§ **WHAT THIS TASK INVOLVES**
Under this line are the records; write out word for word the part that begins at the line containing "Gail's Artisan Bakery, London" and ends at the line containing "newborn floral garden", and no more.
[DATASET RECORDS]
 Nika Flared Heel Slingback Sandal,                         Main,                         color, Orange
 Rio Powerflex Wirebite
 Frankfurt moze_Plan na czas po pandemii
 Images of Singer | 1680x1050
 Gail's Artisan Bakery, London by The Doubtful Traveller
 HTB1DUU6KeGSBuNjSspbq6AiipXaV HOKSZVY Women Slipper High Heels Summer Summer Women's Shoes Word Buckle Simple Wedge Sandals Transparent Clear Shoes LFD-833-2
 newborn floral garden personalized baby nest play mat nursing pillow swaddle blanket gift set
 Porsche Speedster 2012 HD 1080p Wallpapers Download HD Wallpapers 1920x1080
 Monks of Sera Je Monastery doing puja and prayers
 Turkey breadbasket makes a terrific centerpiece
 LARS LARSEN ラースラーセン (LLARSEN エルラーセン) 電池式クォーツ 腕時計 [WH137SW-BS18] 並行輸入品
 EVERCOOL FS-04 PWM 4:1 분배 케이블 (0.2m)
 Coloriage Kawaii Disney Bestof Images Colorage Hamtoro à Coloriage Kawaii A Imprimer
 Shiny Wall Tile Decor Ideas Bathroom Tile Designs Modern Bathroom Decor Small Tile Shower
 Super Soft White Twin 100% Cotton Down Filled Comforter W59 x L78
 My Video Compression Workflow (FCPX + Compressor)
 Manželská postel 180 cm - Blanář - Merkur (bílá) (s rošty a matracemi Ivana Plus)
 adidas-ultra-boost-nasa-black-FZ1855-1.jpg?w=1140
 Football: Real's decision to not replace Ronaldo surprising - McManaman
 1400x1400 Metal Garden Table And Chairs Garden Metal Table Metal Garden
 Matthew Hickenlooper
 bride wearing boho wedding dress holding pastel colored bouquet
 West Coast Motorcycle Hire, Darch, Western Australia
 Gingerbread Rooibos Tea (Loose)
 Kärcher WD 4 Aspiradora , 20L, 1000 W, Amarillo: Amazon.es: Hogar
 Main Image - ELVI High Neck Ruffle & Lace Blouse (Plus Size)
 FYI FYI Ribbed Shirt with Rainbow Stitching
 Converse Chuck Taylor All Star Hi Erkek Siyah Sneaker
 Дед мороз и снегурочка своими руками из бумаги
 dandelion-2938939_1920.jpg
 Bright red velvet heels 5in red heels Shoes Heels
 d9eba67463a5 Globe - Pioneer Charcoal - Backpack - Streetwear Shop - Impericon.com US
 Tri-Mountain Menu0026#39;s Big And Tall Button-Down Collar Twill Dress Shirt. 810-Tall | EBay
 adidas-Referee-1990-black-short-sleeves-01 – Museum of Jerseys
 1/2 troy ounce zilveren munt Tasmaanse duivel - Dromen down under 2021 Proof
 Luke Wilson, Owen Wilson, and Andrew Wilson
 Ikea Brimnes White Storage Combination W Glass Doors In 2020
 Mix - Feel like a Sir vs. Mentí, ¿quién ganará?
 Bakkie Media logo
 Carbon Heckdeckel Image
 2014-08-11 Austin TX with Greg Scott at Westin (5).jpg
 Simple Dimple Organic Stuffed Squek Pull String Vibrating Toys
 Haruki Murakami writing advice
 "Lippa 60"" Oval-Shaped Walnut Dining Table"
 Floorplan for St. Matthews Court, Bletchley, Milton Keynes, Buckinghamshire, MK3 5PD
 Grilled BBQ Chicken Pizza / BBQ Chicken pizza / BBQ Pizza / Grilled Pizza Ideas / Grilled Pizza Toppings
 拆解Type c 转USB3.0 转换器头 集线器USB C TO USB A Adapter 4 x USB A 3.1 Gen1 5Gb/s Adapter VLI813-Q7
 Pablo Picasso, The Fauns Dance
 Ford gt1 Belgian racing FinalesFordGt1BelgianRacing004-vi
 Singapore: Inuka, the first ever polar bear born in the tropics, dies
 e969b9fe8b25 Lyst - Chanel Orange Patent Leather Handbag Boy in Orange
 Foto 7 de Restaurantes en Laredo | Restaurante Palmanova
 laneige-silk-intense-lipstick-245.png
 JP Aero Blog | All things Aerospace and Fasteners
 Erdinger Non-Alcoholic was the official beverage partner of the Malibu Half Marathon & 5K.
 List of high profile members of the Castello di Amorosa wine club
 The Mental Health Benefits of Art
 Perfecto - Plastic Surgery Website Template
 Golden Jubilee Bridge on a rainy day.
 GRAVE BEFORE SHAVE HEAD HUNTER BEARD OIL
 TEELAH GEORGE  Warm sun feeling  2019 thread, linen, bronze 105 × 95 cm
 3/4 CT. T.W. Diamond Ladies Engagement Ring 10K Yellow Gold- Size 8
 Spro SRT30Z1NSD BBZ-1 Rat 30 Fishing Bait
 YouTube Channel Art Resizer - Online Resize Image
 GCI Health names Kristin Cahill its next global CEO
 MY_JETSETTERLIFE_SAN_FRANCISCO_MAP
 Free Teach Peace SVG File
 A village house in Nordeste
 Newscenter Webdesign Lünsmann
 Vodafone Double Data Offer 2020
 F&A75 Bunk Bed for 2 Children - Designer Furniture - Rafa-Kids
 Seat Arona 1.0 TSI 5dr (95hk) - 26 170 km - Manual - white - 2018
[/DATASET RECORDS]
§ **OUTPUT OF THE TASK**
 Gail's Artisan Bakery, London by The Doubtful Traveller
 HTB1DUU6KeGSBuNjSspbq6AiipXaV HOKSZVY Women Slipper High Heels Summer Summer Women's Shoes Word Buckle Simple Wedge Sandals Transparent Clear Shoes LFD-833-2
 newborn floral garden personalized baby nest play mat nursing pillow swaddle blanket gift set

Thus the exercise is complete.